The U.S. dollar index was last down 0.39% at 104.36.

The Fed has raised borrowing costs by 525 basis points since March 2022 in a bid to cool demand across the economy. Financial markets initially expected the first rate cut to come in March, which then got pushed back to June and now to September.

Official data showed on Thursday the U.S. economy grew at an annualized rate of 1.3% from January through March, down from the previous estimate of 1.6% after downward revisions to consumer spending.

Although inflation is “moving in the right direction,” said Kyle Chapman, FX markets analyst at Ballinger Group, “policymakers are definitely not out of the woods yet.”

“I would caution against overinterpreting a single month’s data,” he said.

EURO ZONE INFLATION

The euro edged up after data showed price pressures in the euro zone picked up faster than expected in May, complicating the outlook for the European Central Bank.

The euro was up 0.41% to $1.0876. French inflation data released earlier on Friday, and German and Spanish figures earlier this week, all came in slightly higher than expected.

The numbers have not altered the view in markets that the ECB will cut rates when it meets next week.

According to all 82 economists polled by Reuters, an ECB rate cut on June 6 appears certain, with a majority predicting further reductions in September and December.

Elsewhere, the yen strengthened, leaving the dollar down 0.15% at 156.58, but off this week’s four-week high as Japan’s finance minister repeated warnings about excessive currency volatility.

The Ministry of Finance released data on Friday confirming that Japanese authorities spent 9.79 trillion yen ($62.2 billion) intervening in the foreign exchange market to support the yen over the past month, in moves that kept the currency from testing new lows but are unlikely to reverse a longer-term decline.

Data on Friday showed core consumer inflation in Tokyo accelerated in May, but price growth excluding the effect of fuel eased, heightening uncertainty over the timing of the Bank of Japan’s next rate hike.
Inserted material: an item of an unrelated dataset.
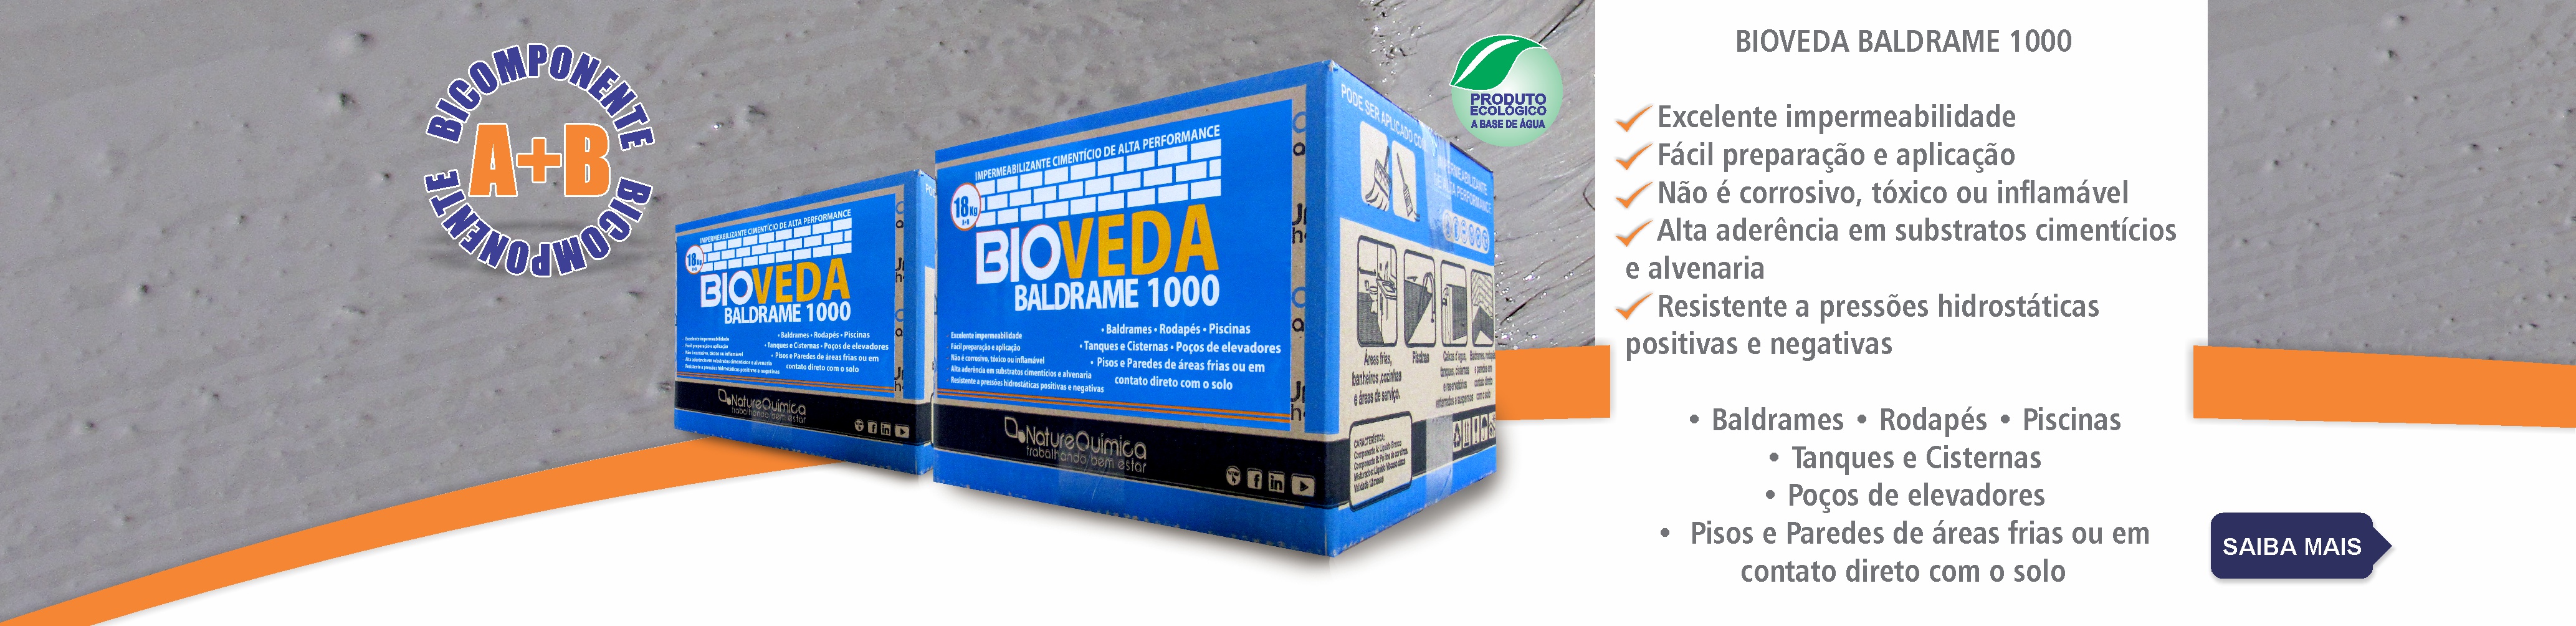 BIOVEDA BALDRAME 1000
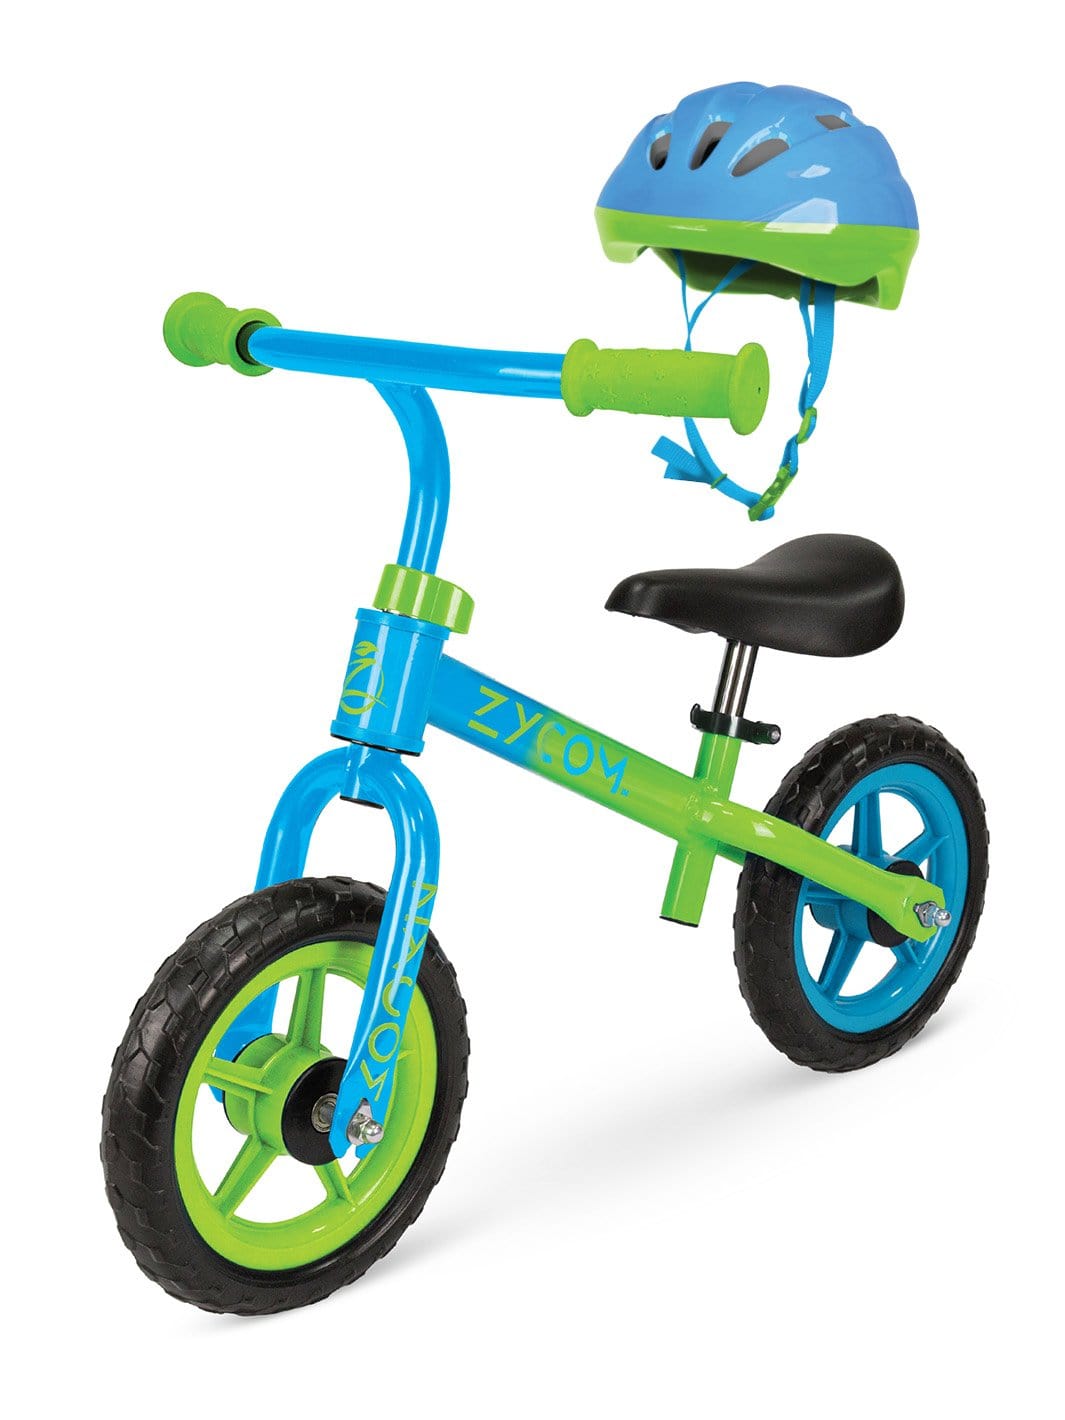 Zycom Zbike Zycomotion Balance Bike Strider Foot to Floor Boys Blue Green Madd

The offshore Chinese yuan was broadly steady versus the dollar at 7.2594 after an official factory survey showed China’s manufacturing activity unexpectedly fell in May.

(Reporting by Hannah Lang in New York and Joice Alves; additional reporting by Brigid Riley; Editing by Kirsten Donovan)

Frequently Asked Questions

What is inflation?
Inflation is the rate at which the general level of prices for goods and services rises, eroding purchasing power. It is typically measured by the Consumer Price Index (CPI) or the Personal Consumption Expenditures (PCE) price index.
What is the Federal Reserve?
The Federal Reserve, often referred to as the Fed, is the central bank of the United States. It regulates the U.S. monetary and financial system, including setting interest rates and controlling the money supply.
What is a currency index?
A currency index measures the value of a currency against a basket of other currencies. It helps traders and investors assess the strength or weakness of a currency in the foreign exchange market.
What is the euro zone?
The euro zone is a group of European Union countries that have adopted the euro as their official currency. It facilitates easier trade and economic stability among member nations.
What is the Personal Consumption Expenditures (PCE) price index?
The PCE price index measures the average change over time in the prices paid by consumers for goods and services. It is a key indicator used by the Federal Reserve to gauge inflation.